Dr. İnce, yaşanabilecek sorunu şu sözlerle açıkladı: “Bunlar ilk etkilenmeye başladığında oksijensiz kaldıklarını algılayarak bir takım refleksler yapıyorlar. Örneğin beyin oksijensiz kaldığında dinlenme, nöronlarını temizleme fonksiyonunu askıya alıyor. Uyanıkmış gibi algılıyor ve dinlenme fonksiyonunu durduruyor.”
Kalpteki oksijensizlik durumunun kalbi paniğe soktuğunu vurgulayan Dr. İnce, şunları kaydetti:
“Kalp oksijensiz kaldığı zaman ben daha hızlı çalışmalıyım diye algılayarak oksijenin kanda az olduğunu fark ettiği için daha hızlı çalışmasını sağlayarak çarpıntıyı ortaya çıkarıyor. Yani gece uykuda nabzınız düşecekken hasta çarpıntı yaşıyor. Yetmiyor birde o kanın hızlı sirkülasyonunu yapmak için damar içi basıncı yükseltiyor. Halk arasında bu damar içi basınca hipertansiyon diyoruz.”

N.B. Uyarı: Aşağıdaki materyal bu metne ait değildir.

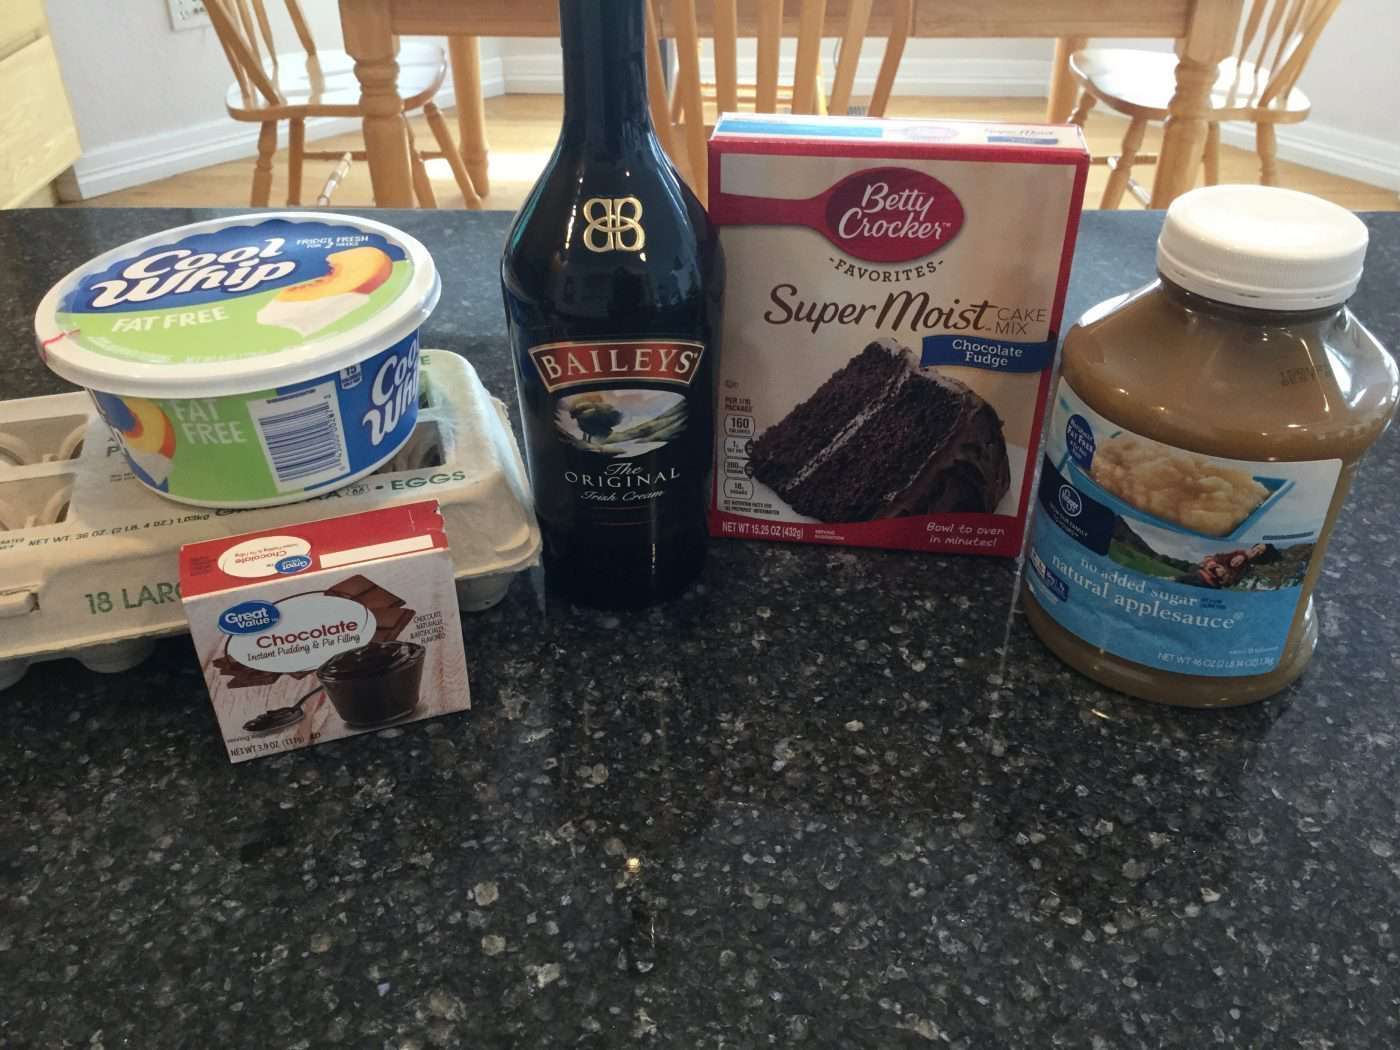 For this recipe you'll need: A box of chocolate cake mix of your choice, the ingredients to make that cake, instant chocolate pudding (4 serving size), Bailey's (optional)/Irish Coffee Creamer, and whip cream topping.
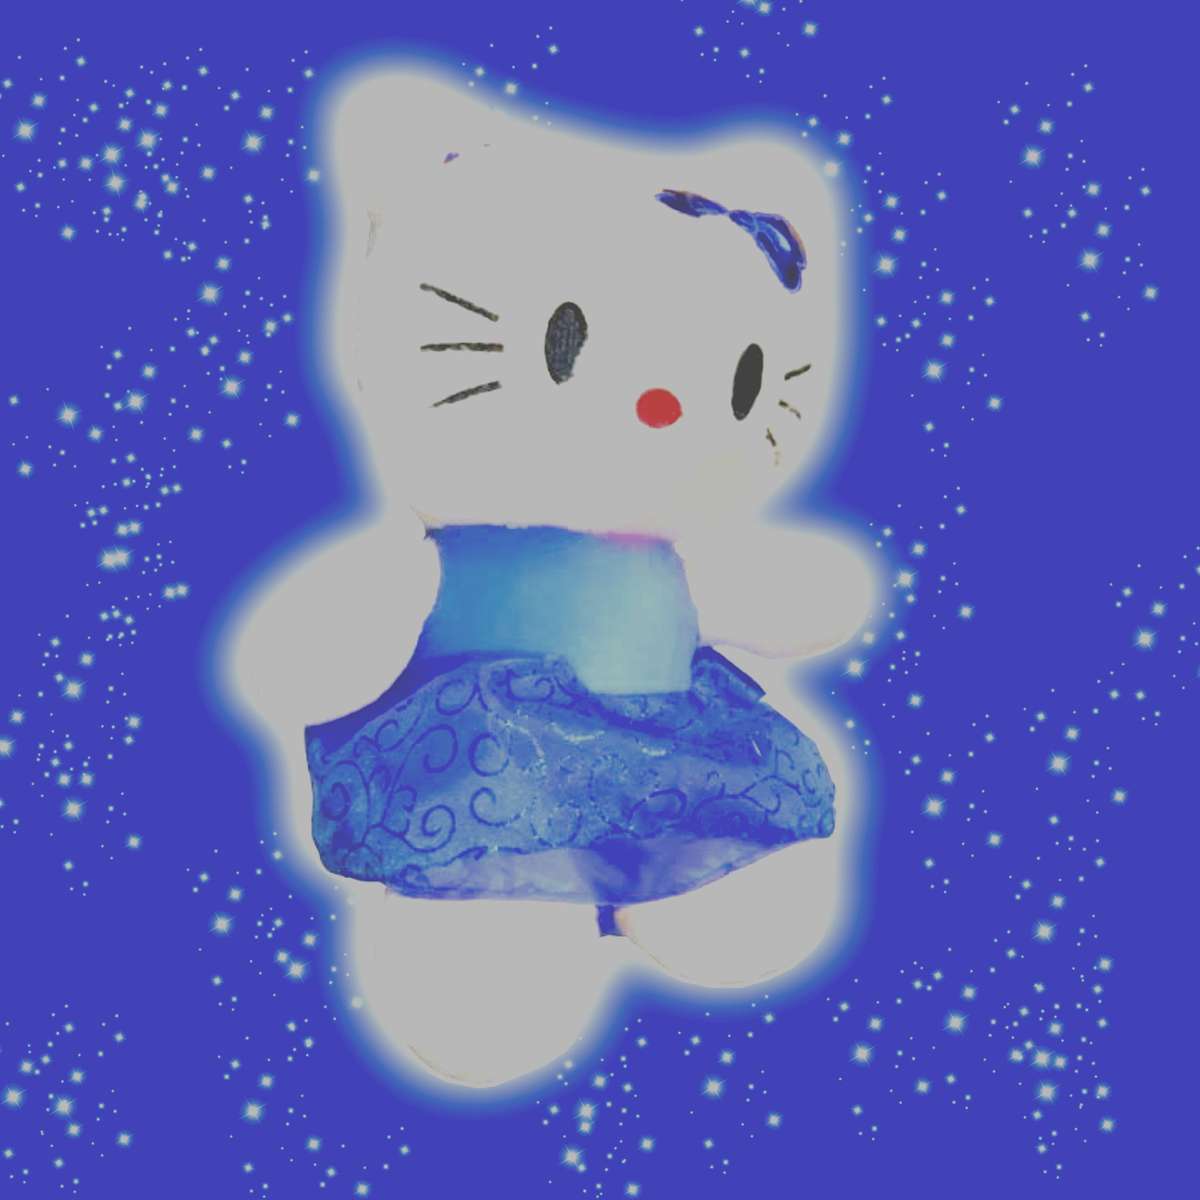 Hello Kitty online puzzle

Dr. İnce, “Kısa boylu şişman kişilerde bu hastalığı görme ihtimalimiz diğerlerine nazaran biraz daha fazladır. Hareketsiz kişilerde, stresli çalışanlarda, alkol ve sigarayı fazla tüketenlerde, kronik kas hastalarımızda çok fazla görünebilmektedir” ifadelerini kullandı.